Final project - design & fabrication

Condense tower - Welding

Rico and I went to weld the condense tower at a welding workshop called FeNEEDS Kamakrura.

I order 3 stainless steel plate (2 that are 300 * 350 * 1.5mm, and 1 that is 300 * 300 * 1.5mm), and 4 stainless steel pipes (diameter_out = 22mm, thickness = 1mm, length = 500mm) online.
The steel is SUS304. To weld, the thickness needs to be more than 1.0mm.

This was the original design.

After measuring the materials, we (or the staff) drilled holes on the plates to put pipes in.
A drill with an inner thin mill and an outer 22mm mill (only on the edge) was used. The inner mill was used to firstly drill a hole, and then the outer edge was used while applying oil to avoid overheat.

We used tools to bend the steel and cut the steel.

And we got materials like these:

Instead of having a completely sealed box, we decided to make the top a lid. With silicon sealed in between, hopefully it won’t leak any vapor.

Now it’s welding time!!!

We wore apron, gloves, and a special mask. The mask is very cool, it has light sensor and automatically darkens when it is bright.

We used an arc welding machine using CO2 gas.

To weld an edge, aim at 1 point for 1 second to make a ball there. Then make another ball that’s touching the previous ball. The concept is to have continuous balls to cover the whole edge. (The video is 4x speeded.)

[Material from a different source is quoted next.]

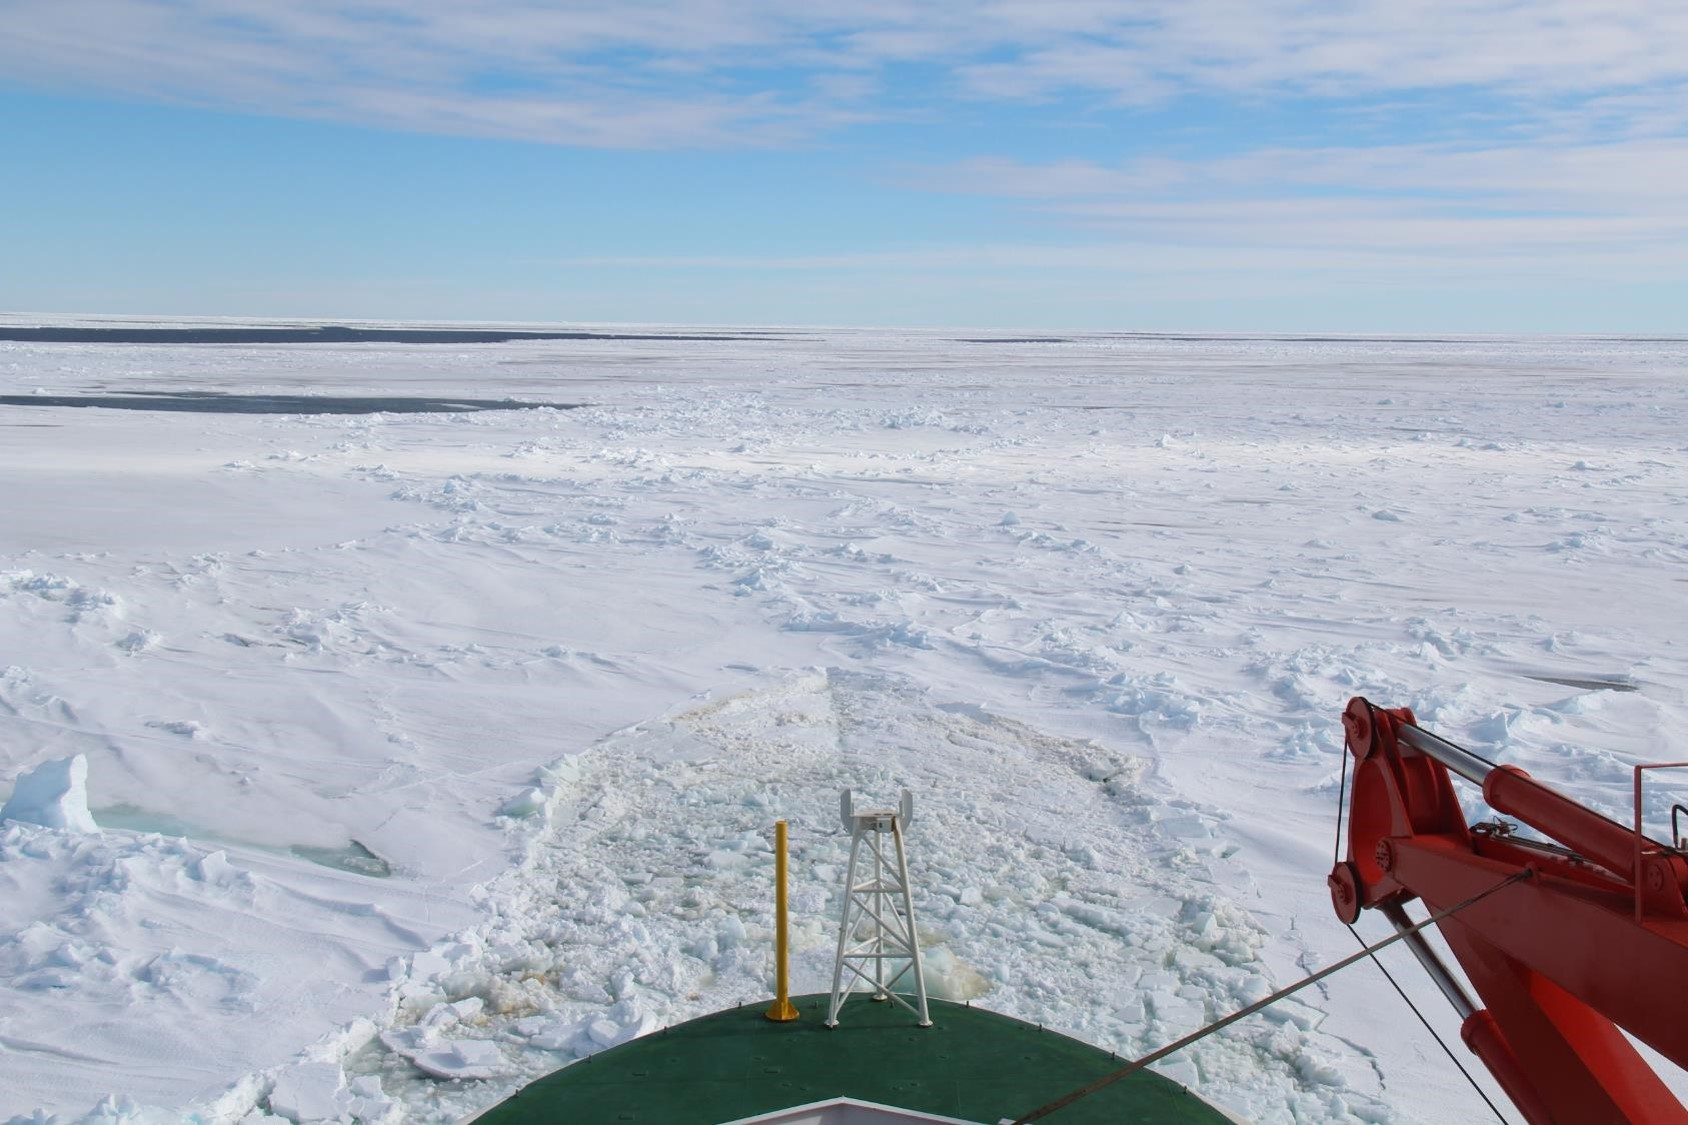 The Polarstern surrounded by sea ice. Photo: Sharyn Ossebaar.

We welded all the surfaces and the pipes. That was a long journey…
At one point the spark jump to the top of my head and I had to wear a flame-proof cloth. Other than that it was super fun!

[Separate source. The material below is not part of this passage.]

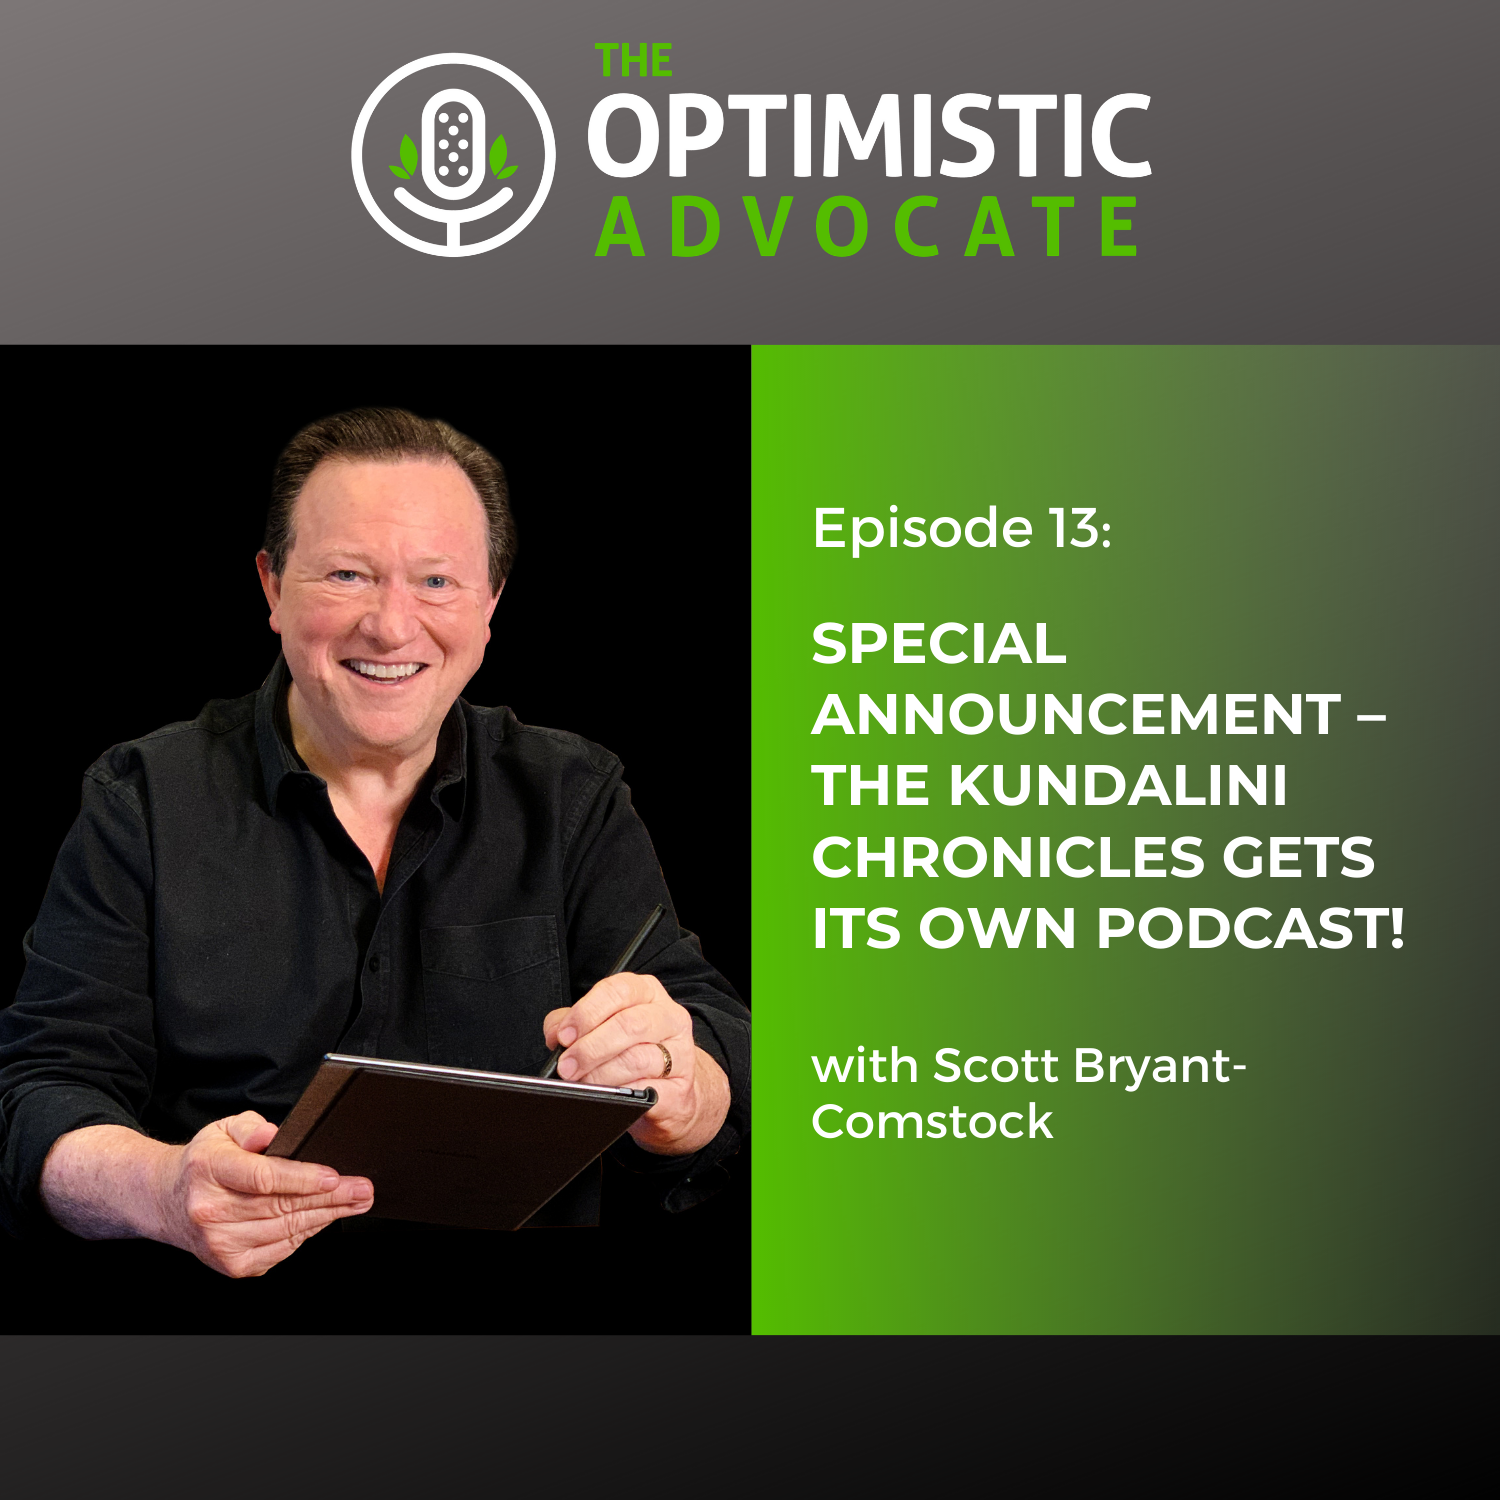 Artwork for podcast The Optimistic Advocate

The surface is like this. (After the staff fixing some parts.)

The biggest concern was water leakage. So we did a test and it turned out to be no leakage! (On the left there is the pipe facing down being taped so that doesn’t count.)

It does look like a weird robot… But I would say it’s a huge success!!

It took us 4 hours, which was a bit exhausting. But I was expecting even longer time, so I’m very happy with the result.

A big thank you to Asada-san (the staff at FeNEEDS Kamakura) and Rico!

Overall, I understood that welding is a process to join metal (that is cut using plasma cutter manually this time) together.

Although this time we used a hand-held plasma cutter, I have also seen online CNC plasma cutter and that is more similar to the digital fabrication methods in a fablab. And welding is like making (assembling) the end product using the material proceeded using digital/analog fabrication techniques/devices.

Tactile switch cap - molding and casting

In molding & casting week, I made huge caps to fit onto tactile switches for the buttons.

The details are here.

Peristaltic pump - additive design & fabrication

I designed and 3D printed a peristaltic pump that pumps ocean water into the condense tower by using the motion of a DC 3V-6V TT Motor.


I used Fusion360 to design.

To help me with the dimensions, I downloaded .step file from this site.

I used Inspect > Measure function in Fusion360 to measure the TT motor.

However, since the model can be different from the actual product, I also measured the motor to confirm.

The peristaltic pump consists of 3 parts, the inside that fits onto the axis of motor, 2 exactly same outside parts that hold onto the silicon tube. There 3 are screwed together onto a laser-cut acrylic frame.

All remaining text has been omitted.